University of Bristol Veterinary School, Langford, Somerset BS40 5DU, UK.
Newcastle University, School of Agriculture Food and Rural Development, Newcastle upon Tyne NE1 7RU, UK.
Vet J. 2011 Nov;190(2):e100-e109. doi: 10.1016/j.tvjl.2011.01.012. Epub 2011 Mar 4.
Consistency of assessment is essential to the farm assurance process. This study evaluated the inter-observer reliability of 31 farm assurance assessors, six veterinarians and four researchers for five pig welfare outcome measures proposed for inclusion into the UK pig farm assurance schemes. These were (1) tail lesions, (2) body lesions, (3) lameness, (4) pigs requiring hospitalisation and (5) oral behaviour. The following inter-observer reliability testing methods against a gold standard Trainer were used: a comparison of farm prevalence and the numbers of affected pigs in each pen identified by observers, Cohen's kappa (κ), Kendall's W, proportional agreement, sensitivity, and specificity.

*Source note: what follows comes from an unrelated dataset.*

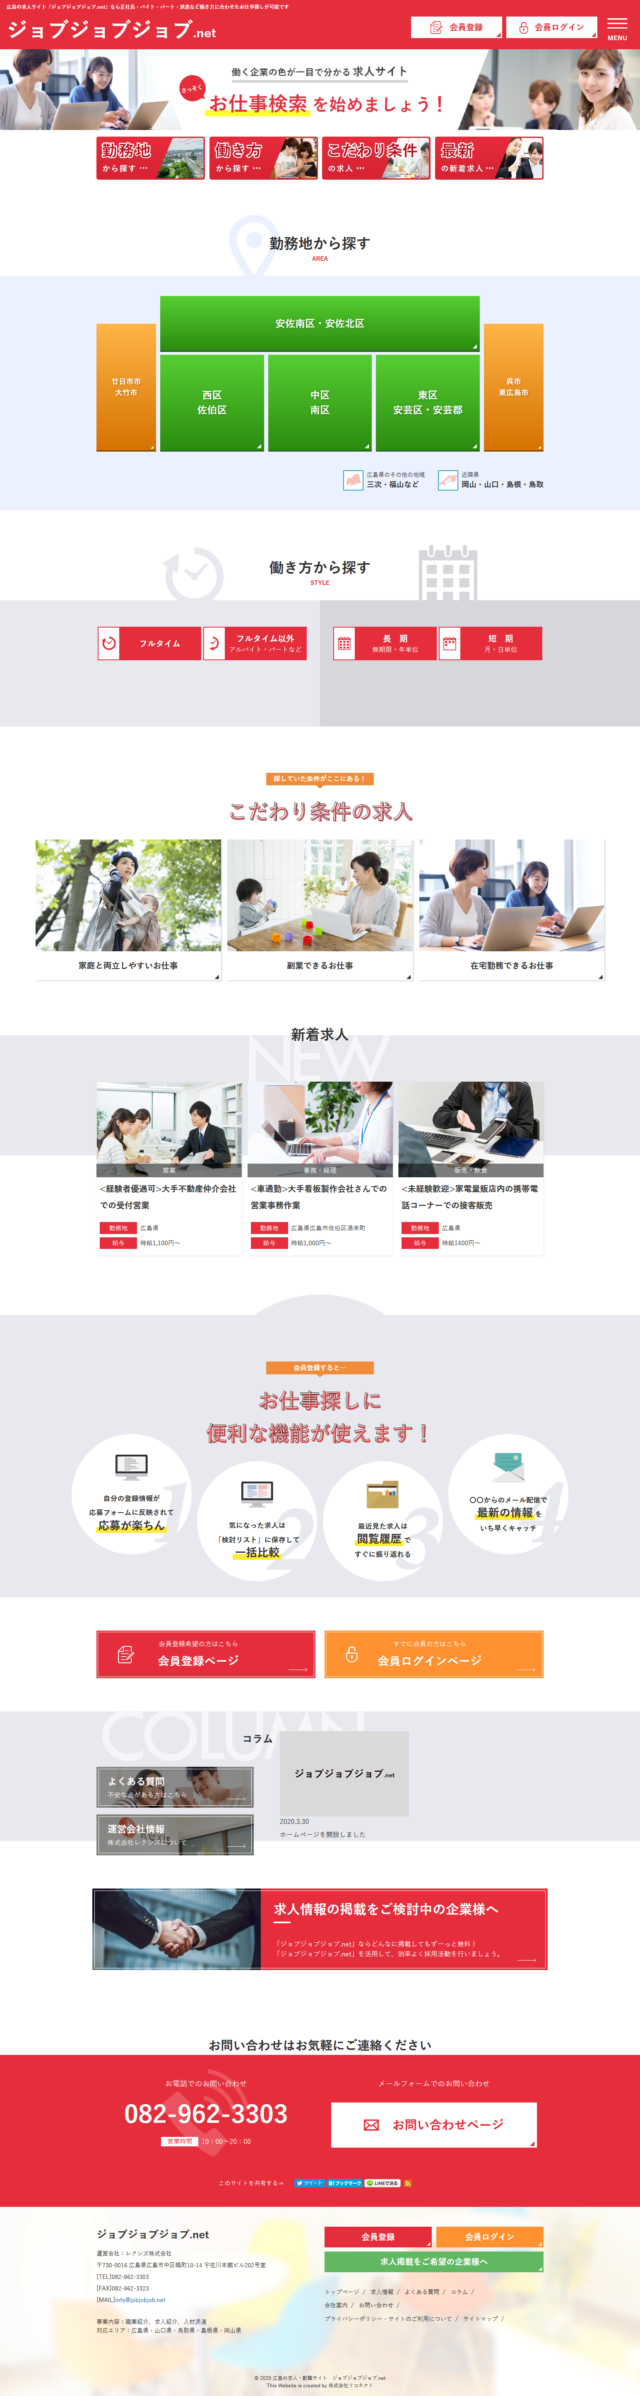 広島の求人・転職サイト ジョブジョブジョブ.net 様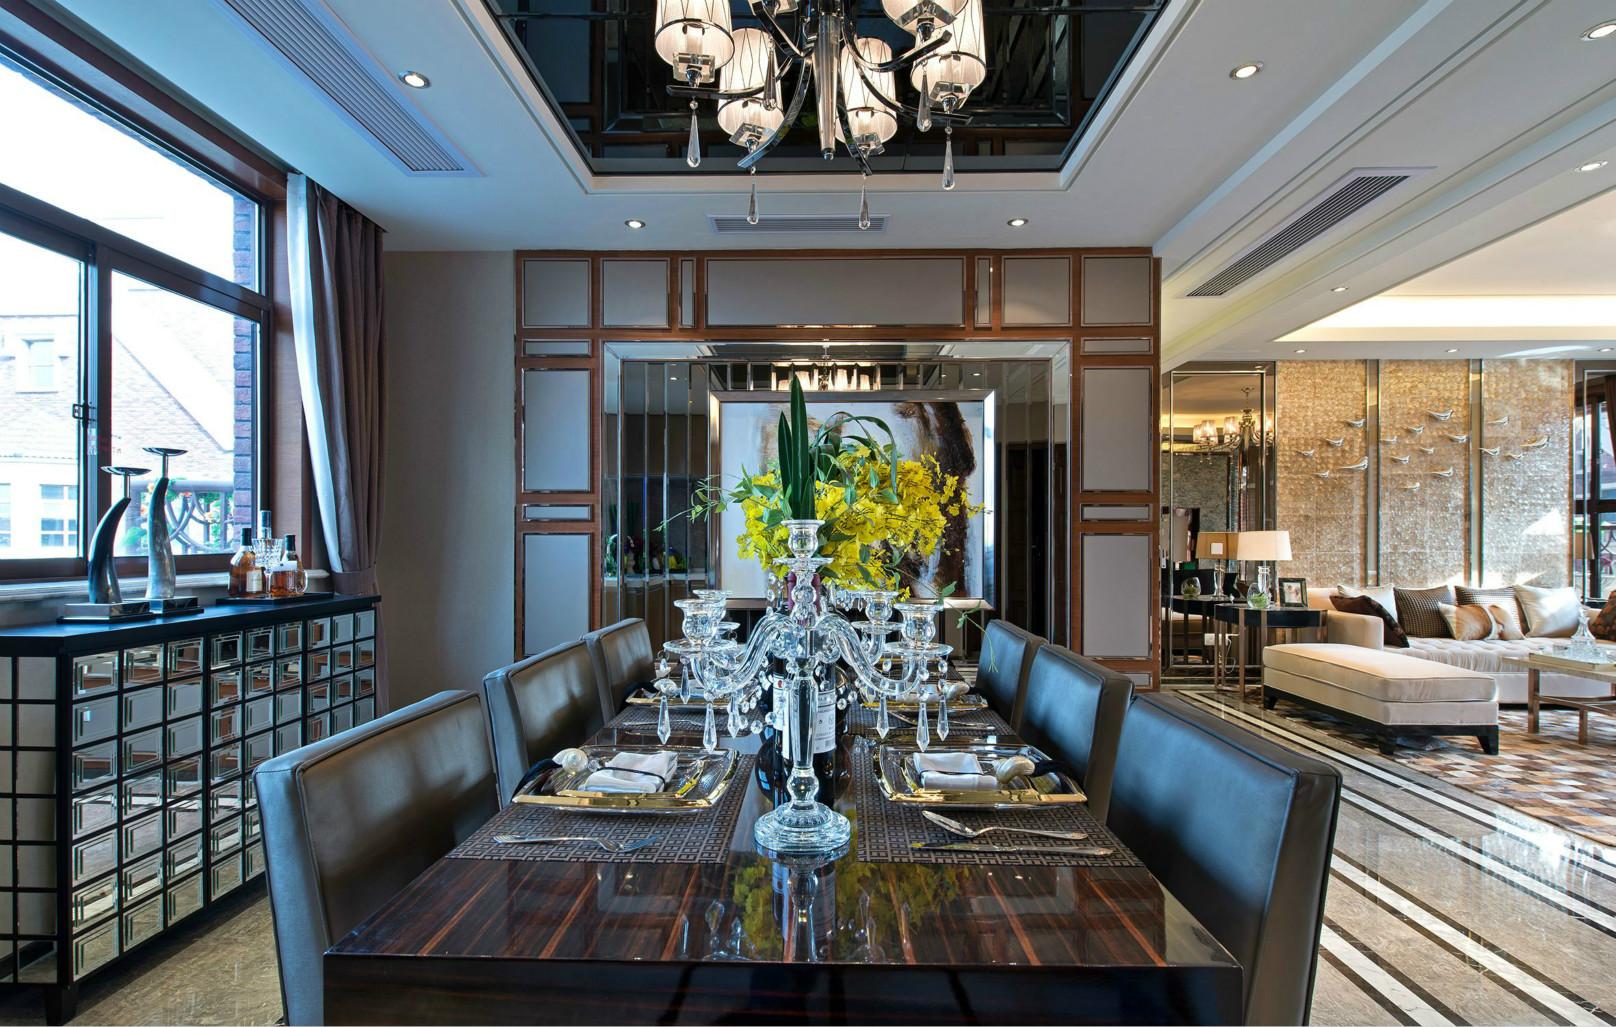 餐厅以黑皮椅子和木质桌子,营造出简约时尚又大气的品味

All measures achieved potentially high levels of inter-observer reliability and it was concluded that none should be excluded from farm assurance at this stage. However, across all the measures, 45% of observers did not record an overall farm prevalence 'close' to that of the gold standard Trainer. With the level of training and testing that took place in this study there would be a danger of significant bias occurring in a national assessment scheme. The data collected enabled some comparison of the methods used to assess inter-observer reliability. It is suggested that when the aim is to achieve agreement between observers on the overall farm prevalence the inter-observer reliability testing should focus on the closeness of the overall farm prevalence recorded by observers, but that other types of analysis may be helpful during training.
评估的一致性对于农场保证过程至关重要。本研究评估了 31 名农场保证评估员、6 名兽医和 4 名研究人员对五项拟纳入英国猪农场保证计划的猪福利结果衡量标准的观察者间可靠性。这些衡量标准包括:(1)尾巴损伤,(2)身体损伤,(3)跛行,(4)需要住院的猪,以及(5)口腔行为。使用以下针对黄金标准训练员的观察者间可靠性测试方法进行了比较:观察者识别的农场流行率和每栏受影响猪的数量的比较、科恩氏kappa(κ)、肯德尔氏 W、比例一致性、敏感性和特异性。所有衡量标准都达到了观察者间可靠性的潜在高水平,因此在此阶段不应将任何衡量标准排除在农场保证之外。然而,在所有措施中,45%的观察者没有记录到与黄金标准训练员“接近”的总体农场流行率。在本研究中进行的培训和测试水平下,在全国评估计划中可能会出现重大偏差的危险。所收集的数据使我们能够对用于评估观察者间可靠性的方法进行一些比较。建议当目标是在观察者之间就总体农场流行率达成一致时,观察者间可靠性测试应侧重于观察者记录的总体农场流行率的接近程度,但在培训期间可能需要进行其他类型的分析。